Configuration parameters:

eval_metrics_config_path: Path to the metrics YAML file that defines report structure and evaluation methods. See Metrics Configuration for details.
object_store: Name of the object store for retrieving generated reports.
evaluation_method_id: Identifier used to match against the evaluation_method field in the dataset. See dataset configuration for details.
report_url_pattern: Regex pattern to extract report URLs from agent responses.
include_vlm_output: When true, outputs a separate average score for VLM-related fields, used with vlm_related_fields.
vlm_related_fields: List of section names to include in the VLM accuracy score, used with include_vlm_output: true.
metric_configs: Configuration for field-level evaluation metrics.
- llm_judge: LLM judge settings:
  - llm_name: Reference to the LLM configuration (see LLM Configuration for details)
  - max_retries: Number of retry attempts on LLM failures
  - llm_judge_reasoning: Enable reasoning in the LLM judge
  - single_field_comparison_prompt: Custom prompt for the LLM judge used for single field evaluation
  - multi_field_discovery_prompt: Custom prompt for the LLM judge used for dynamic field discovery

LLM Configuration#

Configure the LLM judge in the llms section of your config file:

llms:
  eval_llm_judge:
    _type: nim
    model_name: <model-name>
    base_url: <base-url-for-the-llm>
    max_tokens: 2048
    temperature: 0.0

Note

To enable reasoning output, set llm_judge_reasoning: true in the evaluator config (not thinking: true in the LLM config) for wider reasoning model support.

Note

When llm_judge_reasoning is enabled, the evaluators currently require reasoning models that support outputting reasoning separately in their responses.

Metrics Configuration#

The metrics configuration should mirror the structure of your report template, defining sections and fields that match the expected report output.
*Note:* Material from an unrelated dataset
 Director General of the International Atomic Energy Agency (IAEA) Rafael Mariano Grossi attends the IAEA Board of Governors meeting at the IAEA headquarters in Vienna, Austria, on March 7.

Each field or section can have its own evaluation metric defined. Each section can use method: average to aggregate child scores. Set allow_dynamic_field_discovery: true for sections with variable field names.

Overall Report:
  method: average
  fields:
    title:
      method: exact_match

    Basic Information:
      method: average
      fields:
        Report Identifier:
          method: non_empty
        Date of Incident:
          method: llm_judge

    Vehicles Involved:
      method: llm_judge
      allow_dynamic_field_discovery: true  # Handles dynamic vehicle field names

    # Additional sections...

Customized Question-Answering (QA) Evaluator#

The Customized Question-Answering (QA) Evaluator assesses the semantic accuracy of agent responses against ground truth answers, focusing on factual correctness rather than exact text matching.

Purpose#

Evaluate answer accuracy for question-answering tasks.
Support semantic equivalence over exact matching.
Handle various question types (Yes/No, counting, temporal, descriptive).

Evaluator Configuration#

evaluators:
  qa_evaluator:
    _type: customized_qa_evaluator
    llm_name: eval_llm_judge
    evaluation_method_id: qa
    llm_judge_reasoning: true
    custom_prompt_template: |
      You are an expert evaluator assessing an AI Agent's response accuracy.
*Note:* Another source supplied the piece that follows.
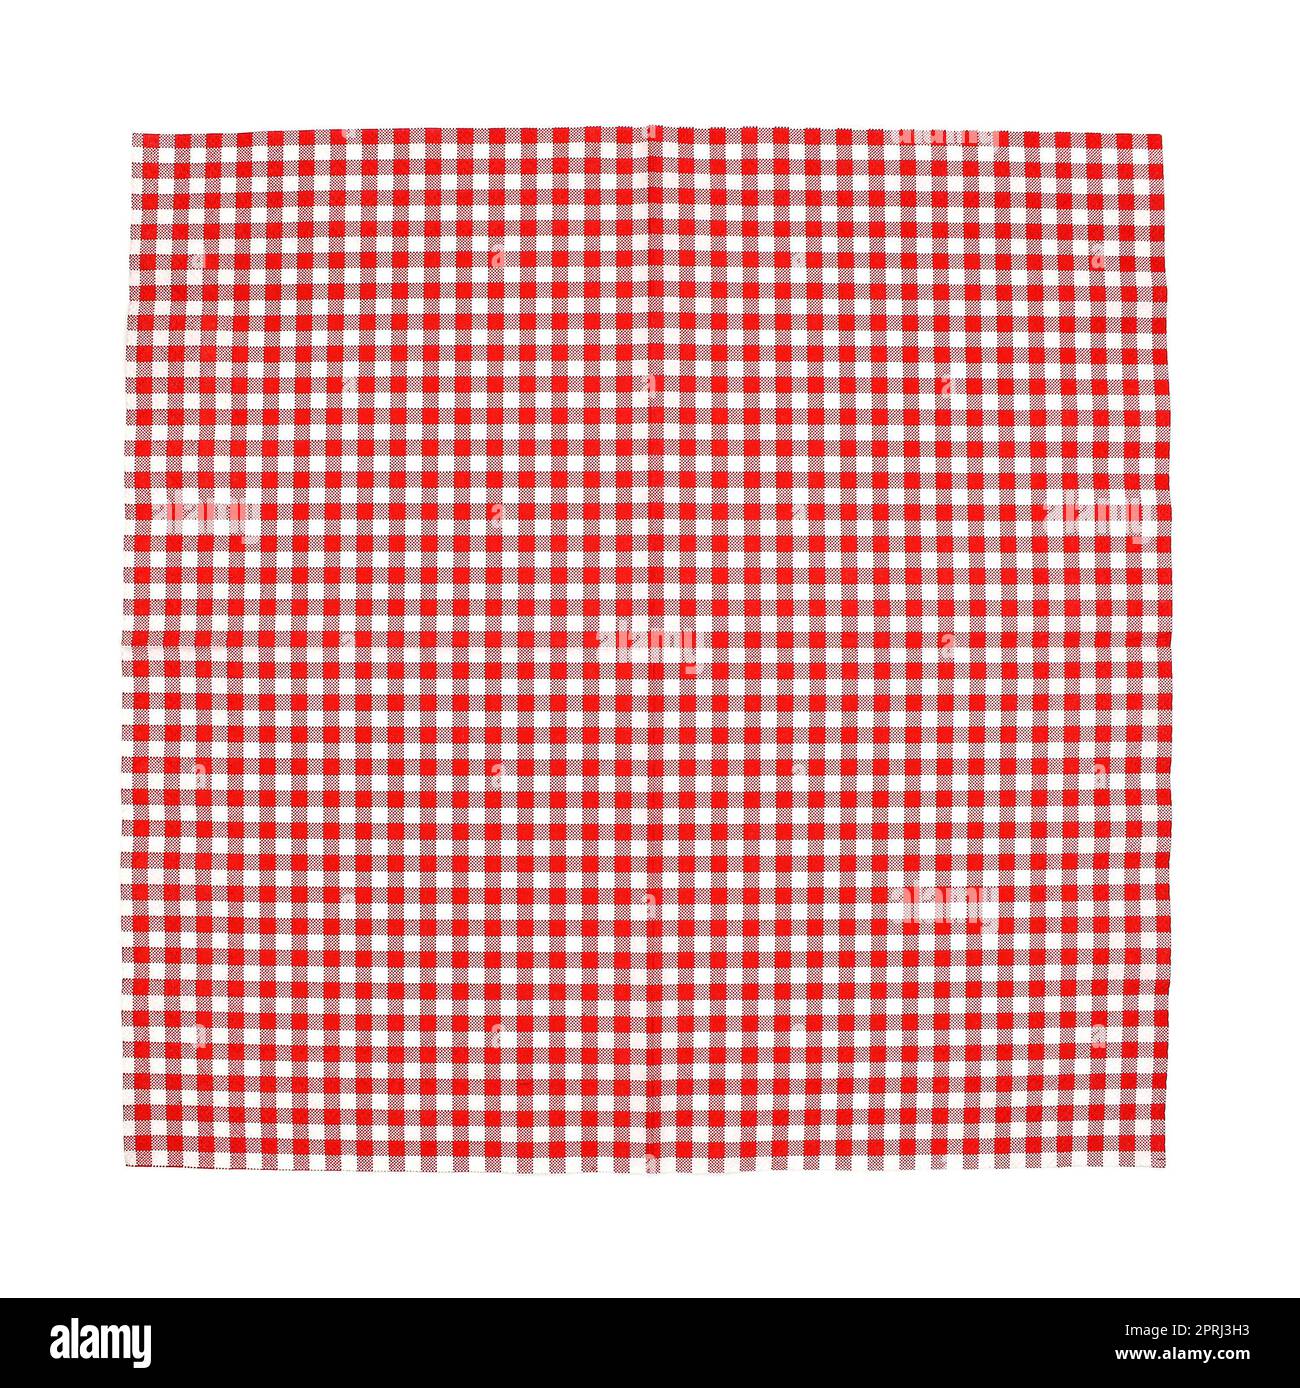 Top view checkered tablecloth pattern Stock Photo

      Question Asked: {question}

      Agent's Answer: {answer}

      Ground Truth Answer: {reference}

      # Add evaluation criteria and scoring guidelines...

Custom Prompt Variables#

{question}: The original user query
{answer}: The agent’s response
{reference}: Ground truth answer

Example Evaluation Criteria#

The default prompt includes the following evaluation criteria:

Factual Correctness: Does the answer convey the same factual information?
Completeness: Does the answer include all key information from the ground truth?
Semantic Equivalence: Is the answer semantically equivalent to the ground truth?

You can customize the prompt by modifying the custom_prompt_template field in the evaluator configuration.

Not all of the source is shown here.